Guillaume Bison et ses Peaux-Rouges Le 10 mai 1889, la presse parisienne avait fait le déplacement au Havre afin d’être parmi les premiers à accueillir les représentants mythiques du Nouveau Monde. Fernand Xau, à l’époque journaliste célèbre pour ses interviews, avait emporté ses jumelles afin de scruter la mer et détecter le premier la silhouette du paquebot Persian Monarch, parti plusieurs jours auparavant de New York. Le service de presse du Buffalo Bill’s Wild West avait, selon son habitude, bien fait les choses. Les journalistes étaient choyés, les murs de Paris couverts d’affiches annonçant la venue du colonel William Frederick Cody, plus connu sous le nom de Buffalo Bill, et de sa troupe. Mais la présence programmée dans la capitale de bisons, de gauchos, de cow-boys et d’as de la gâchette excitait moins la presse et le public que l’annonce qu’un village entier de Peaux-Rouges – comme on disait alors – dont hommes, femmes et enfants s’installeraient aux portes de Paris.

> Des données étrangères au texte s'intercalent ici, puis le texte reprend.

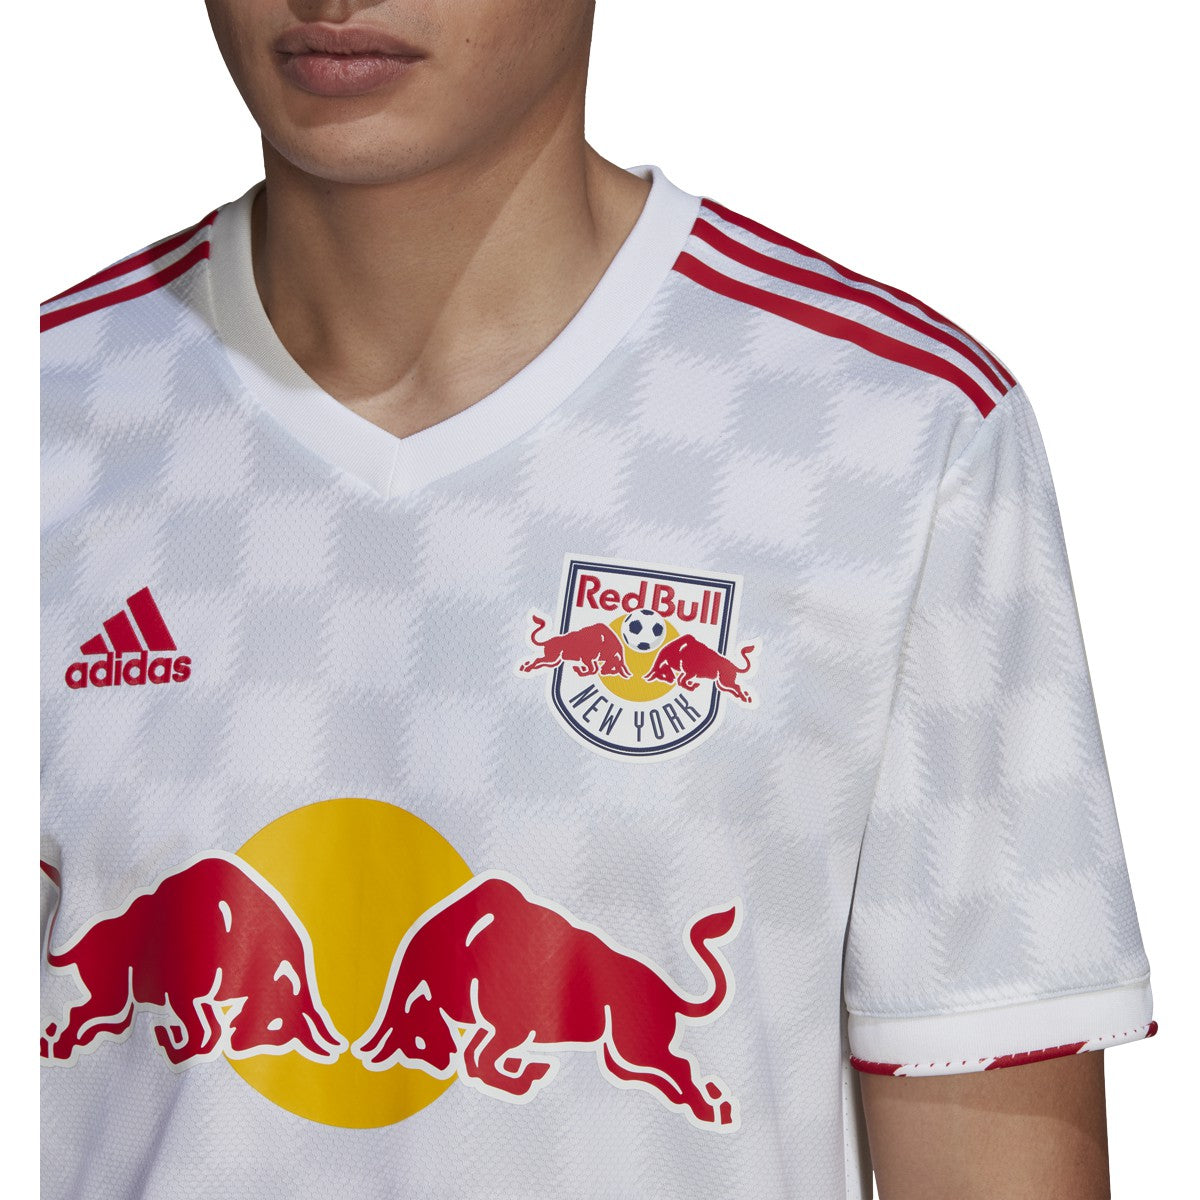 adidas, Shirts, Adidas Mens New York Red Bulls Soccer Jersey Mls

Lorsque le paquebot fut enfin à portée de voix, l’attente des journalistes fut récompensée par les chants et les cris poussés par les Indiens depuis le pont. La France avait perdu le Canada plus d’un siècle auparavant et seuls les romans, à travers Le Dernier des Mohicans de James Fenimore Cooper ou les récits d’aventure sur l’Ouest américain de Gustave Aymard, perpétuaient encore le souvenir de ces nobles sauvages. Les journalistes ne furent pas déçus par la prestation. Ils télégraphièrent immédiatement à leurs rédactions que les Peaux-Rouges de Guillaume Bison, ainsi qu’ils traduisirent maladroitement le nom de Buffalo Bill, étaient majestueux et fiers, aux longs cheveux noirs, habillés de peaux et grands amateurs de tabac. Le service de presse se garda d’avouer que Buffalo Bill n’engageait principalement que des Sioux Lakotas pour ses spectacles, Oglalas et Brûlés originaires des réserves de Pine Ridge et Rosebud. Il affirmait au contraire avec aplomb que la troupe rassemblait plusieurs nations indiennes1. Étant donné le succès phénoménal que le Buffalo Bill’s Wild West rencontra lors de ses tournées, cette vision tronquée des nations indiennes, réduite aux seuls Indiens des Plaines, influença considérablement la représentation de l’indianité en Europe. Le lendemain de leur arrivée en France, un train spécial emmena toute la troupe du Buffalo Bill’s Wild West à Paris, soit plus de six cents personnes, sans compter les bisons, chevaux et autres animaux.
Qui était Buffalo Bill ? 1 Pawnees, Wichitas, Comanches, Crows, Sioux, Arapahos, Oglalas, Brûlés selon le programme.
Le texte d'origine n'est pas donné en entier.